Markets are on the back foot somewhat at the start of the week after Donald Trump described as “totally unacceptable” Iran’s response to the US proposal to end the conflict in the Middle East. Oil prices have popped higher, with Brent crude up around $4 to $105 p/b, Asian stocks are generally lower and US bond yields higher in overnight trading, while the dollar is marginally firmer. The euro and sterling are trading at around $1.1770 and $1.36 against the US currency respectively, down a touch from Friday’s closing levels, while EURGBP is slightly firmer this morning at about £0.8650. The pound could come under pressure from political developments in the UK, where Prime Minister Keir Starmer’s leadership of the Labour Party is under increased scrutiny following last week’s elections results.

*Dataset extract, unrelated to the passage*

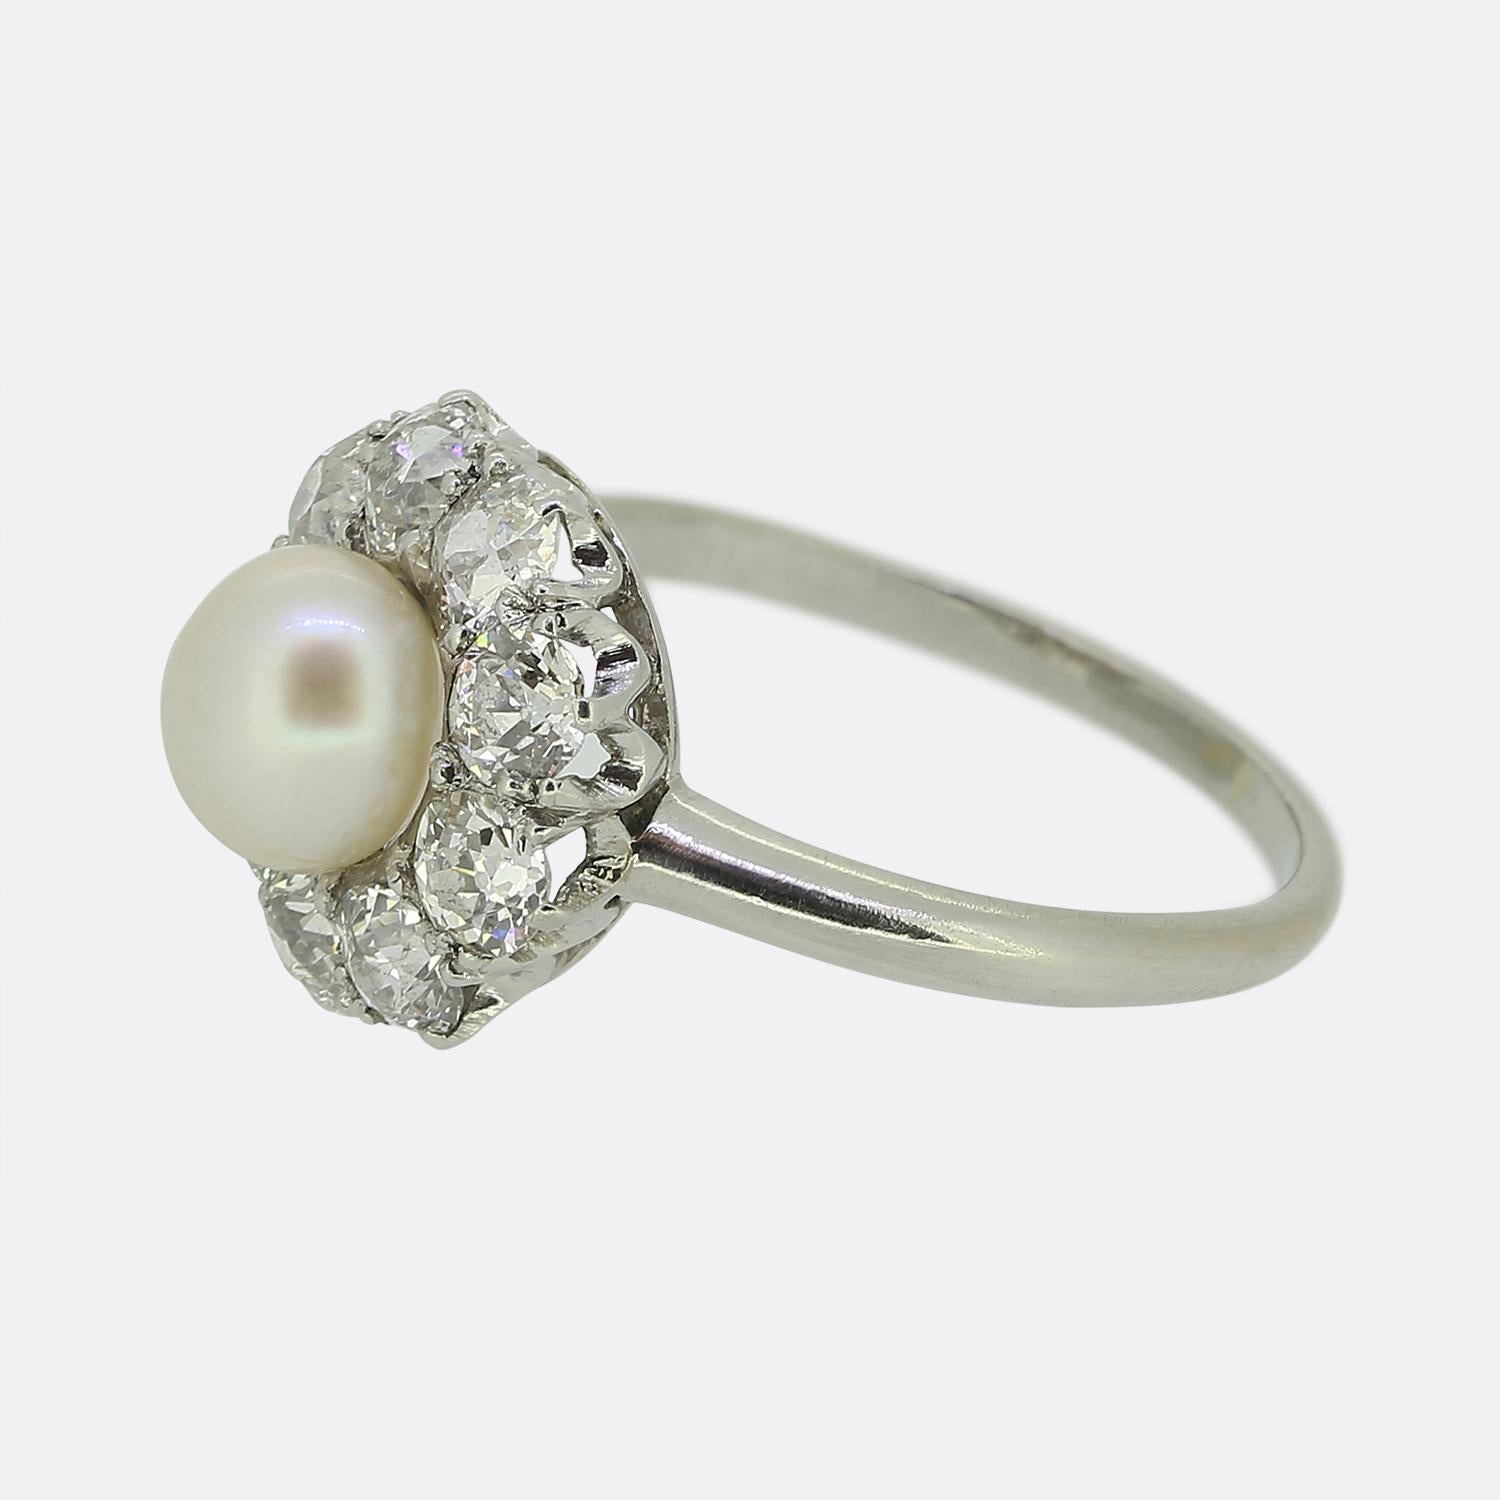 Nous avons ici une magnifique bague à perles et à diamants datant du début du 20e siècle. Une perle blanche ronde naturelle d'un bel éclat se trouve au centre de la face et est entourée de gros diamants de taille ancienne bien assortis. La bague a
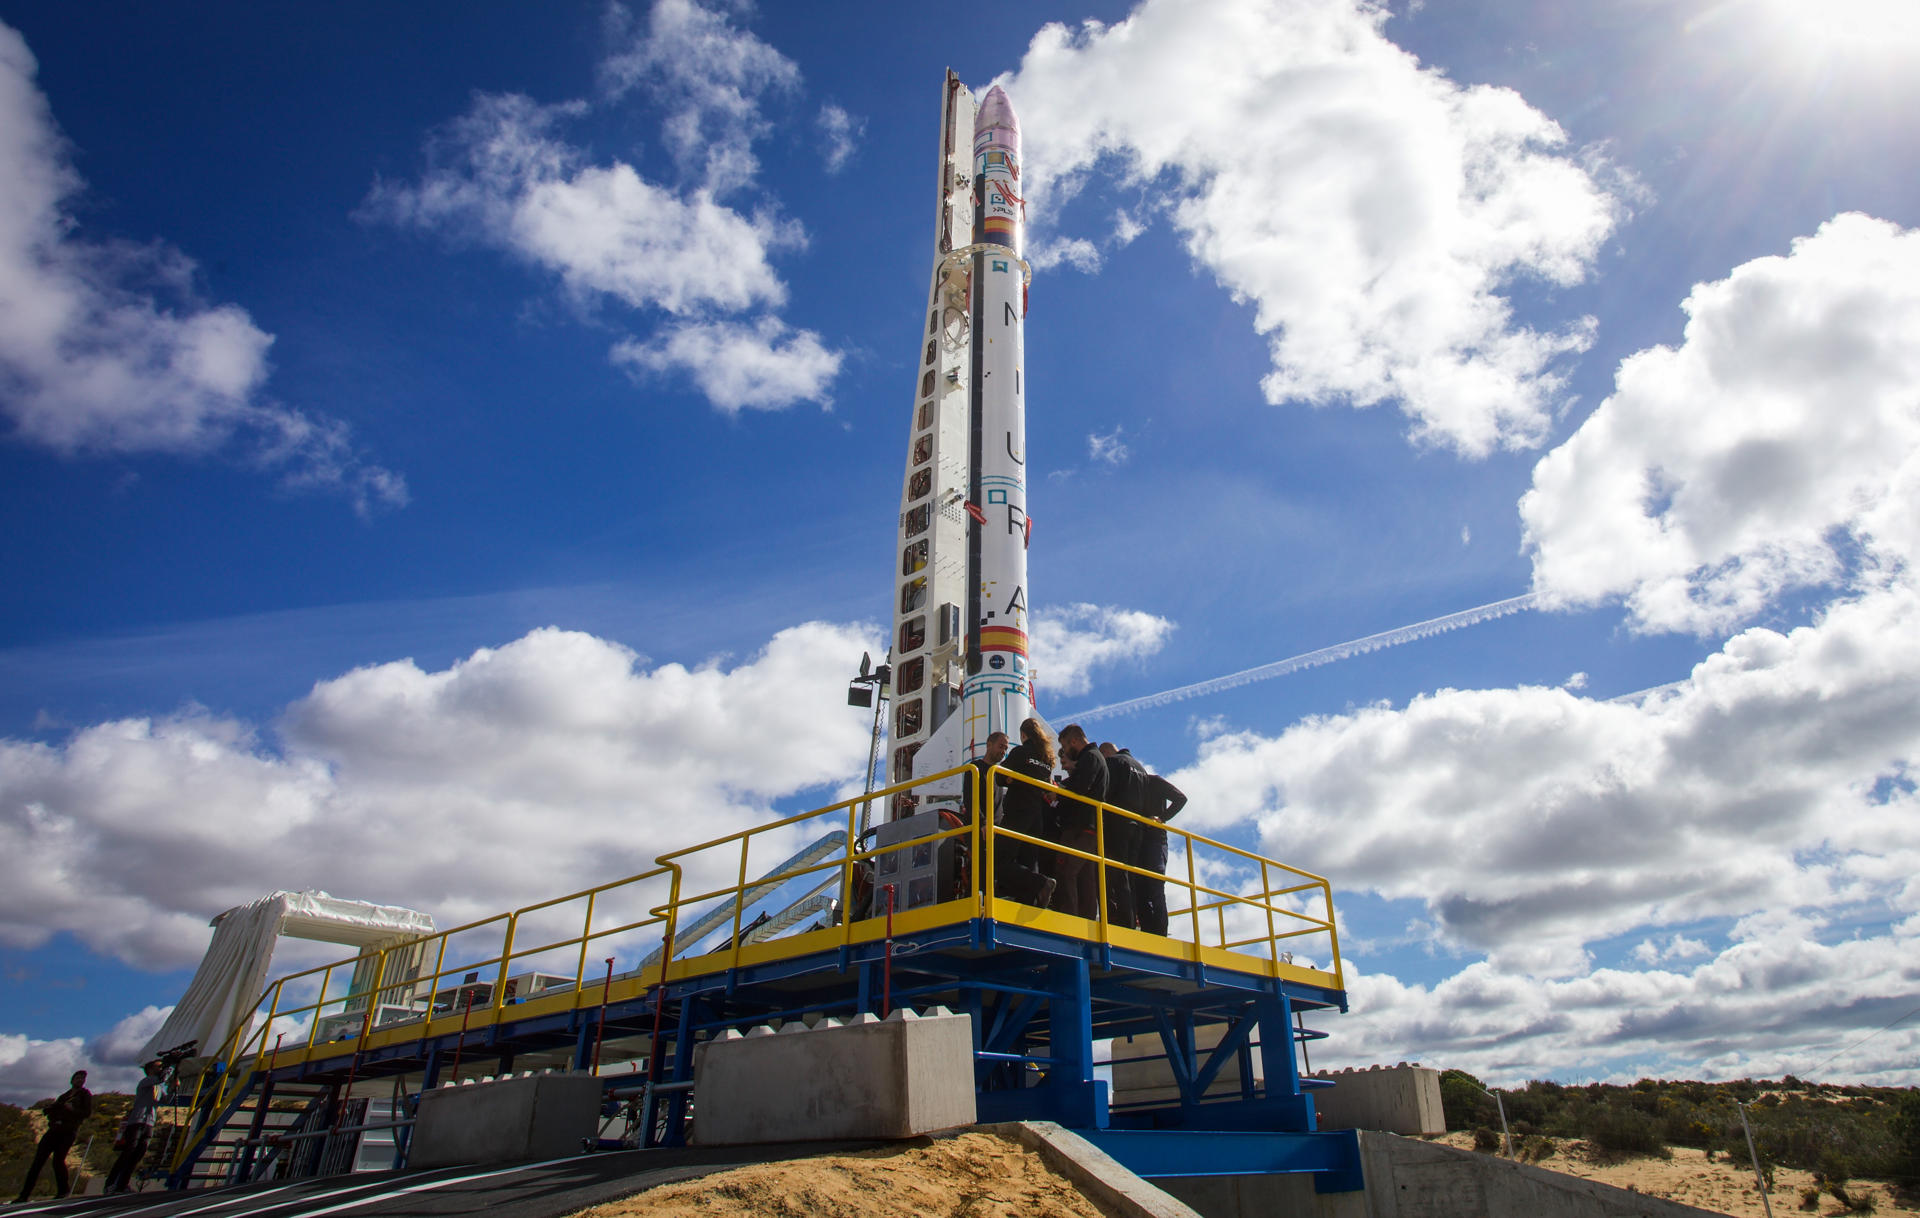 Plataforma de lanzamiento del primer cohete privado europeo, MIURA 1, en las instalaciones del INTA en El Arenosillo (CEDEA), ubicadas en Mazagón (Huelva), que hoy ha llegado al espacio con éxito. Foto de Archivo. EFE/Julián Pérez

Government bond yields were flat to marginally lower on the week overall, but they did fall sharply from their highs of Monday/Tuesday as oil prices dropped and central bank rate hike expectations were pared back. It was something of a mixed week for equity markets. The S&P 500 in the US gained more than 2%, closing at another all-time high on Friday, while European stocks were broadly flat on the week.

The US economy added 115k jobs in April according to the latest payrolls report, well ahead of the consensus forecast for an increase of 65k. Jobs growth averaged about 50k a month over the three months to April, extending the recovery from a “soft patch” in employment in the middle part of last year. The unemployment rate was unchanged at 4.3% in April, as expected, while average hourly earnings growth continued to trend lower, averaging 3.6% year-on-year over the February-April period.

ECB President Christine Lagarde says “we are constantly torn between the risk of reacting too quickly or the risk of reacting too late (as regards raising interest rates) and we have to find the right path to navigate” our way towards the 2% inflation target, noting that the central bank faces “massive uncertainty” and needs “a lot more data” to understand the effects of the conflict in the Middle East.

Looking to the week ahead, economic data of note due include CPI inflation (Tuesday), retail sales (Thursday) and industrial production (Friday) in the US, and UK GDP for the first quarter of  2026 on Thursday. There are also a good number of ECB and Fed members scheduled to speak over the course of the week.